We have shown that inference, prediction and filtering for continuous-time Markov chains with a large but finite statespace, especially those arising from reaction networks is not just conceptually straightforward when the matrix exponential is used, but it is also often practical. We have provided and demonstrated the use of robust tools for this purpose in R, which opens up the direct use of and inference for reaction-network models to a wider audience. Straightforward inference for epidemic models, such as the SIR and SEIR models is particularly apposite at the time of submission, as it might have enabled an analysis of early COVID-19 infection data by people not expert in the more complex MCMC methodology typically used.

We emphasise that we are not suggesting that the tools we provide should replace the particle MCMC, ABC and SMC methods currently employed. In our experience, inference for epidemic models coded in a fast, compiled language is often more efficient in terms of effective samples per second, for example, than the approach using matrix exponentiation.

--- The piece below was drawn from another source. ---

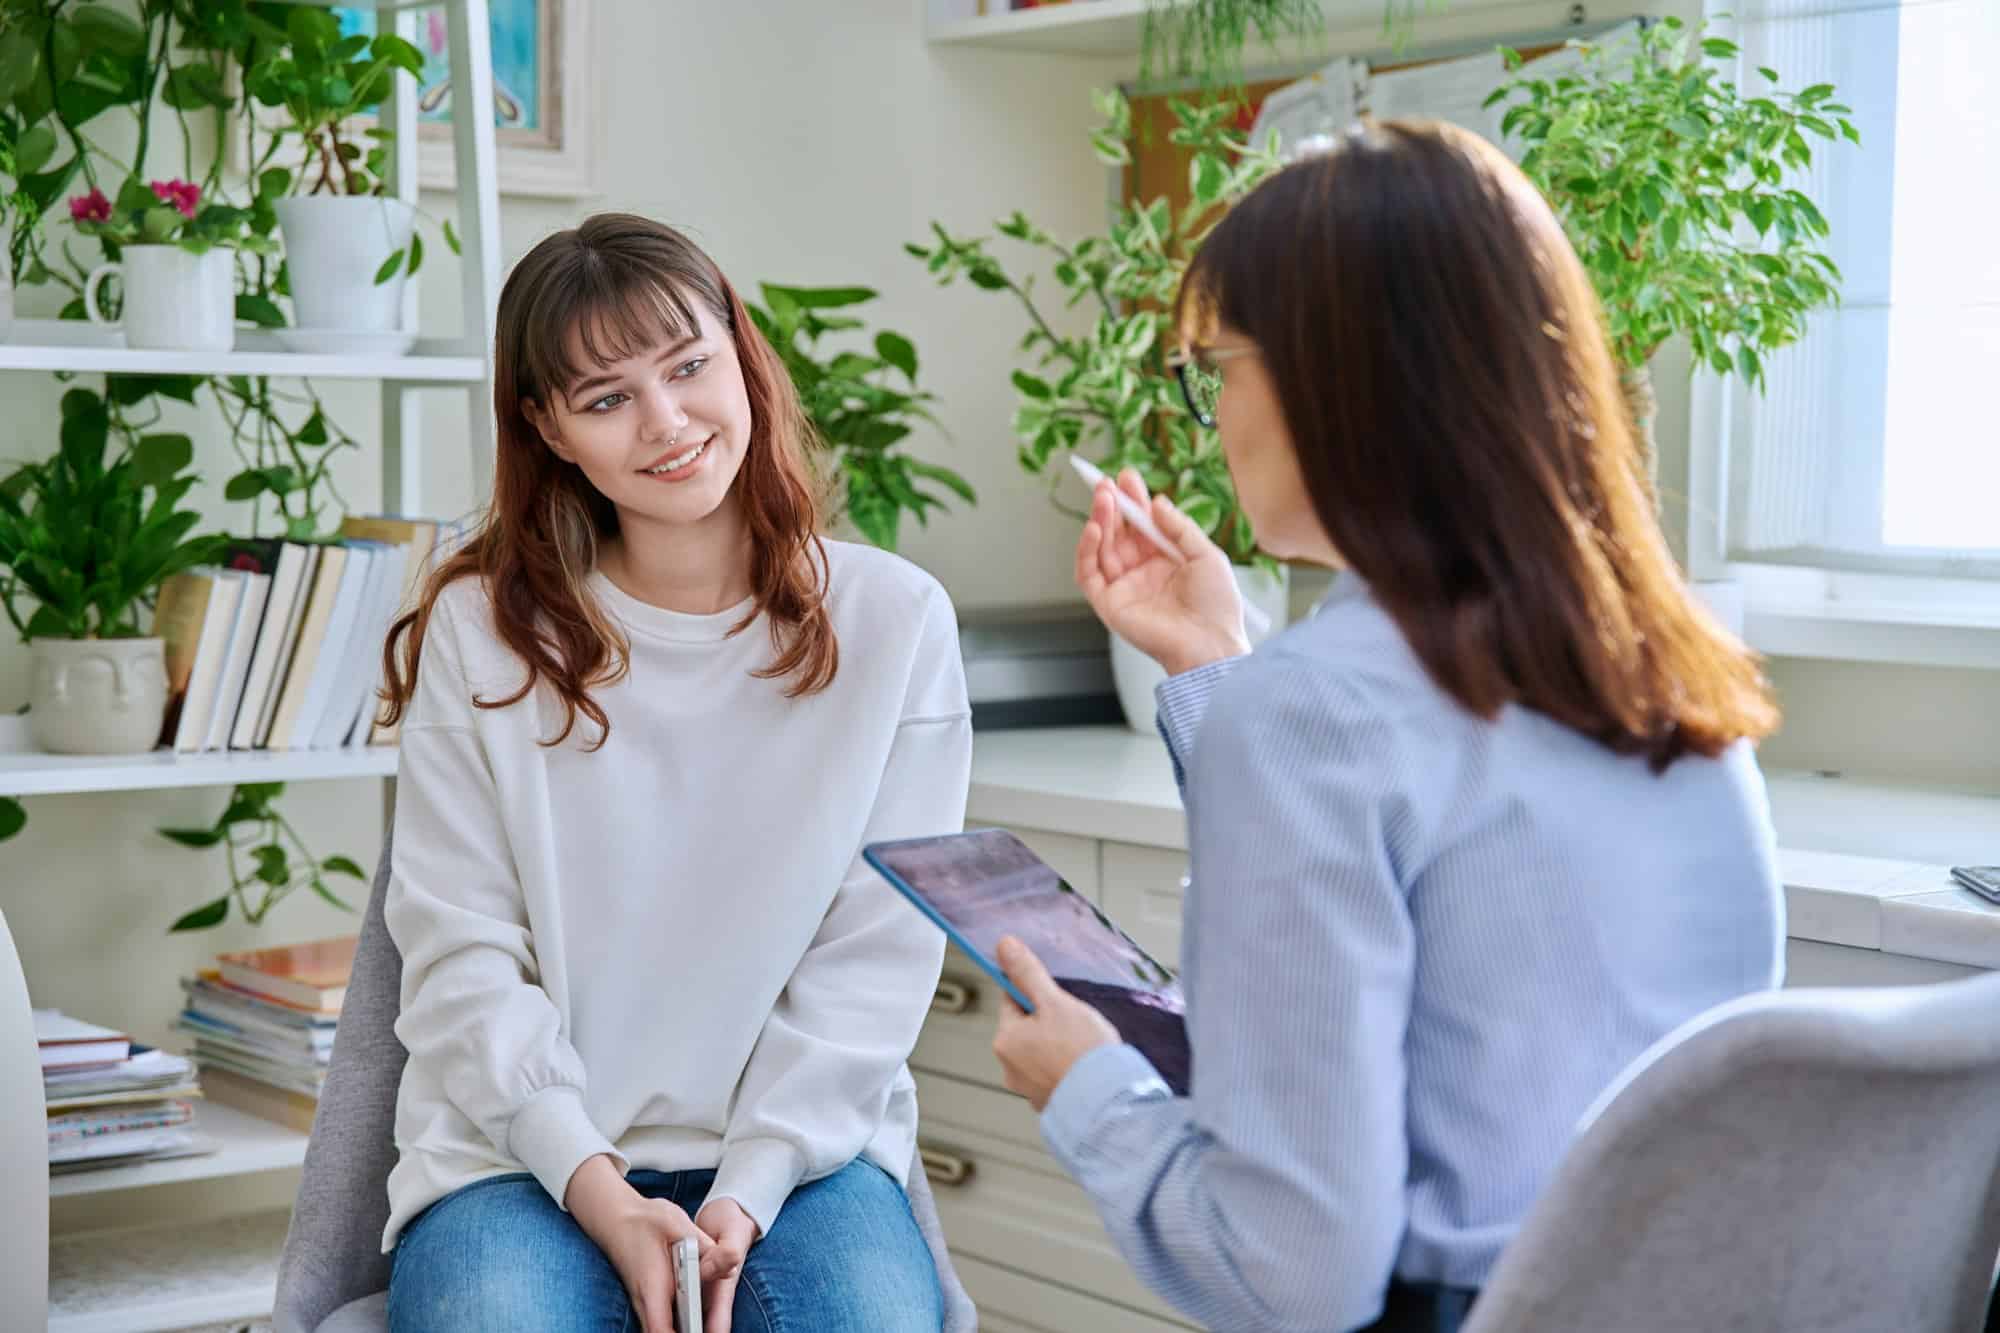 Teenage girl at therapy session with mental health professional

However, the matrix exponential approach is much more straightforward, and the code that uses it can be written in the simpler, interpreted language R.

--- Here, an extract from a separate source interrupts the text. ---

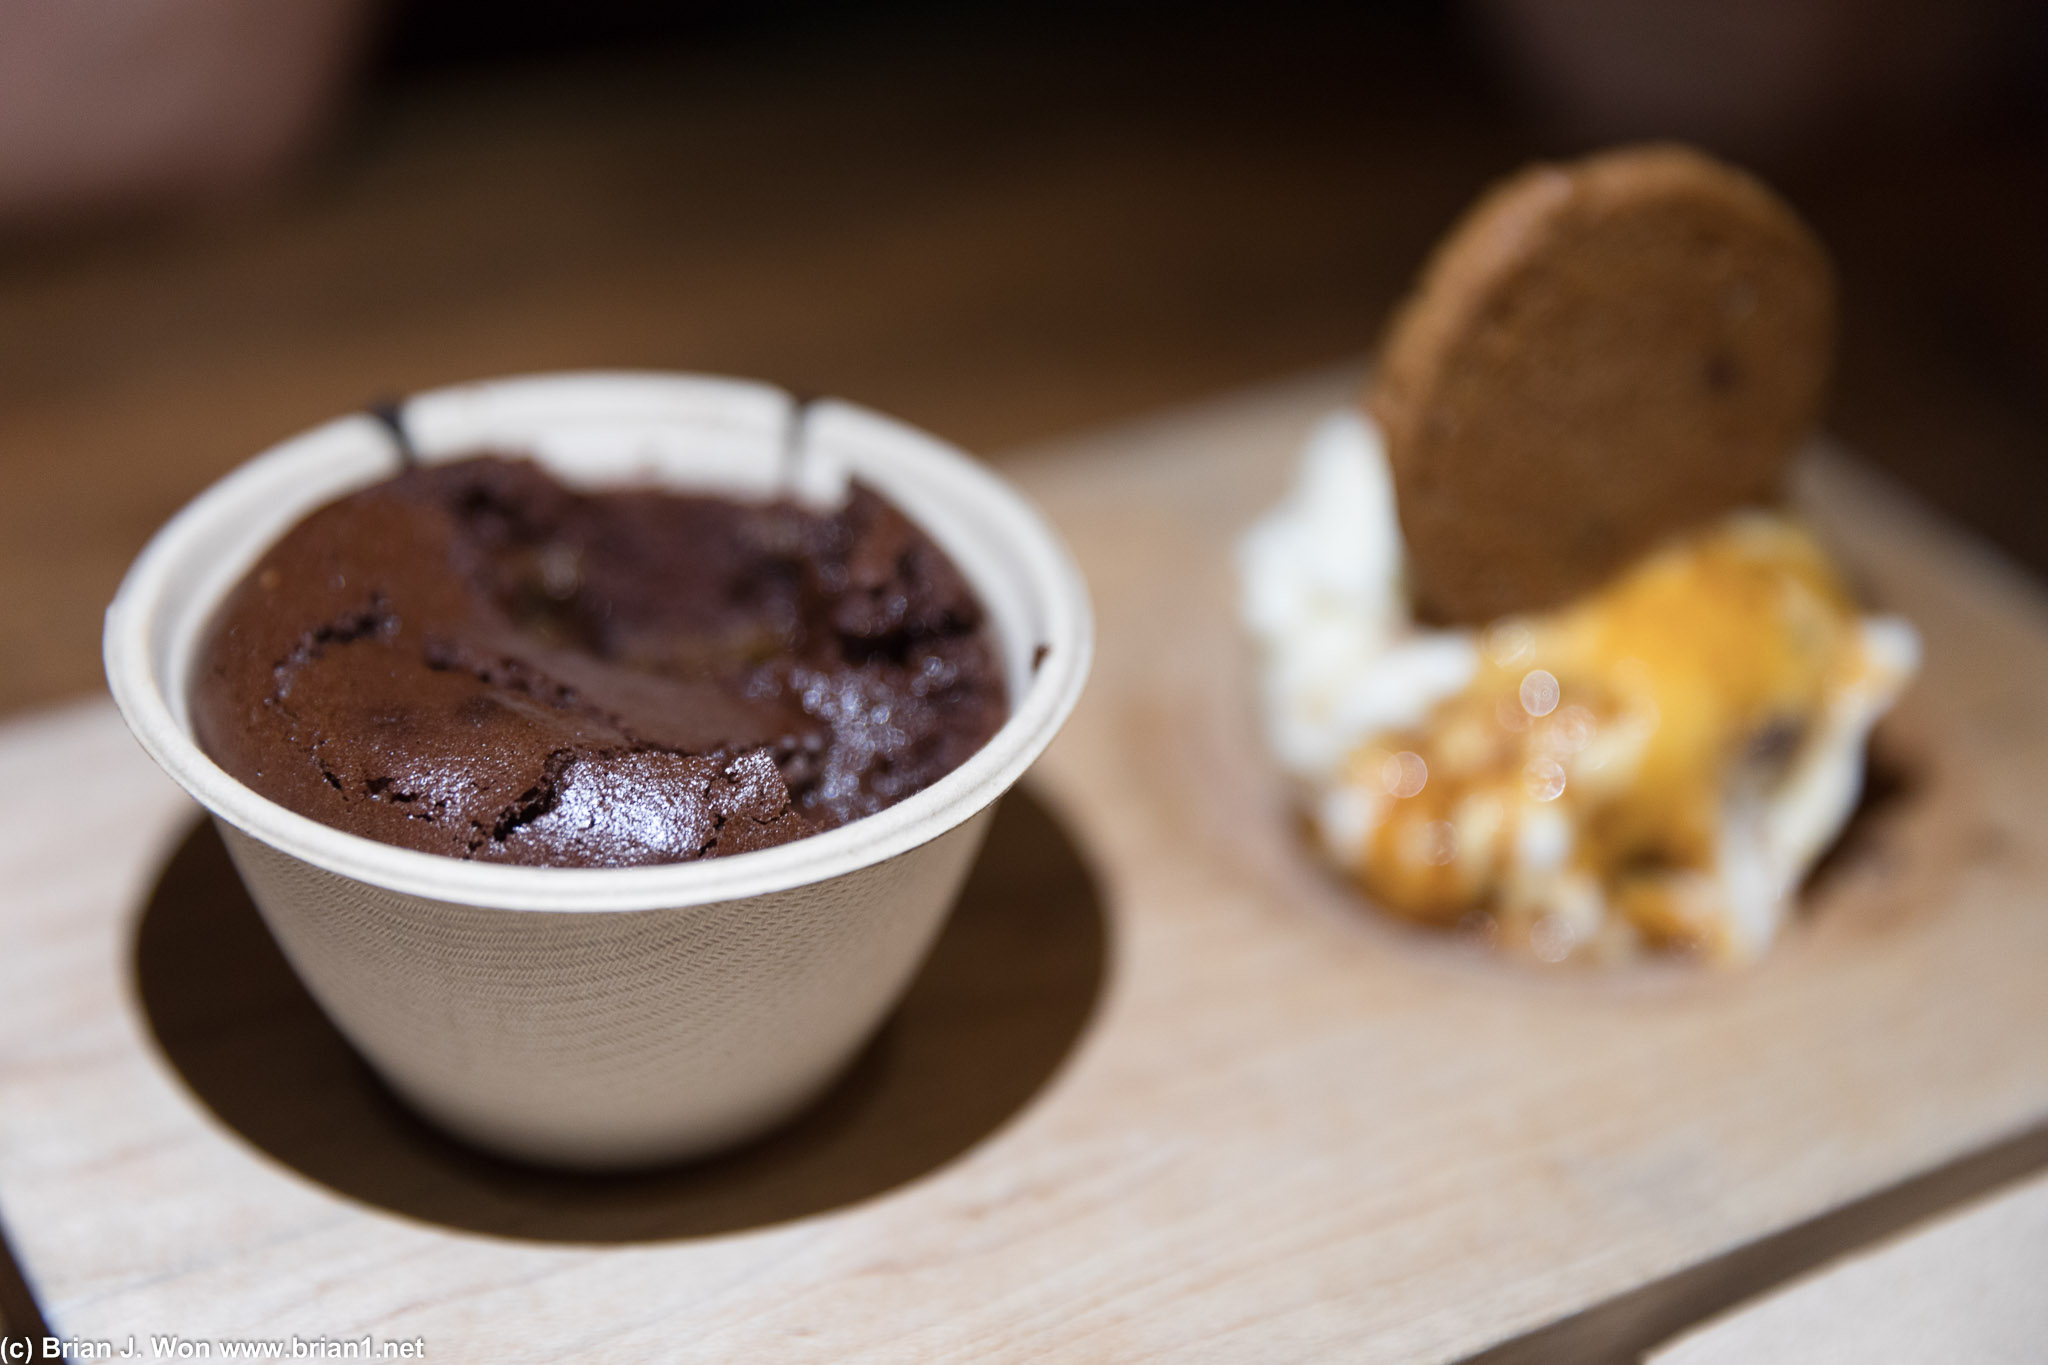 Molten chocolate cake is the thing to get here.

As the size of the statespace increases, the efficiency of the matrix exponentiation approach decreases; however, once the statespace becomes sufficiently large, the evolution of the process is often approximated by a stochastic differential equation (e.g. Golightly and Wilkinson 2005, Fearnhead et al. 2014) or, when the behaviour is effectively deterministic, by ordinary differential equations (e.g. Broadfoot and Keeling 2015).

For the scaling and squaring approach, in particular, the cost of the exponentiation of \({\mathsf {Q}}/K\) can be nearly halved by using a Padé approximant (e.g. Moler and Van Loan (2003)), but this then requires a matrix inversion, and so, for reasons of robustness, was not pursued here.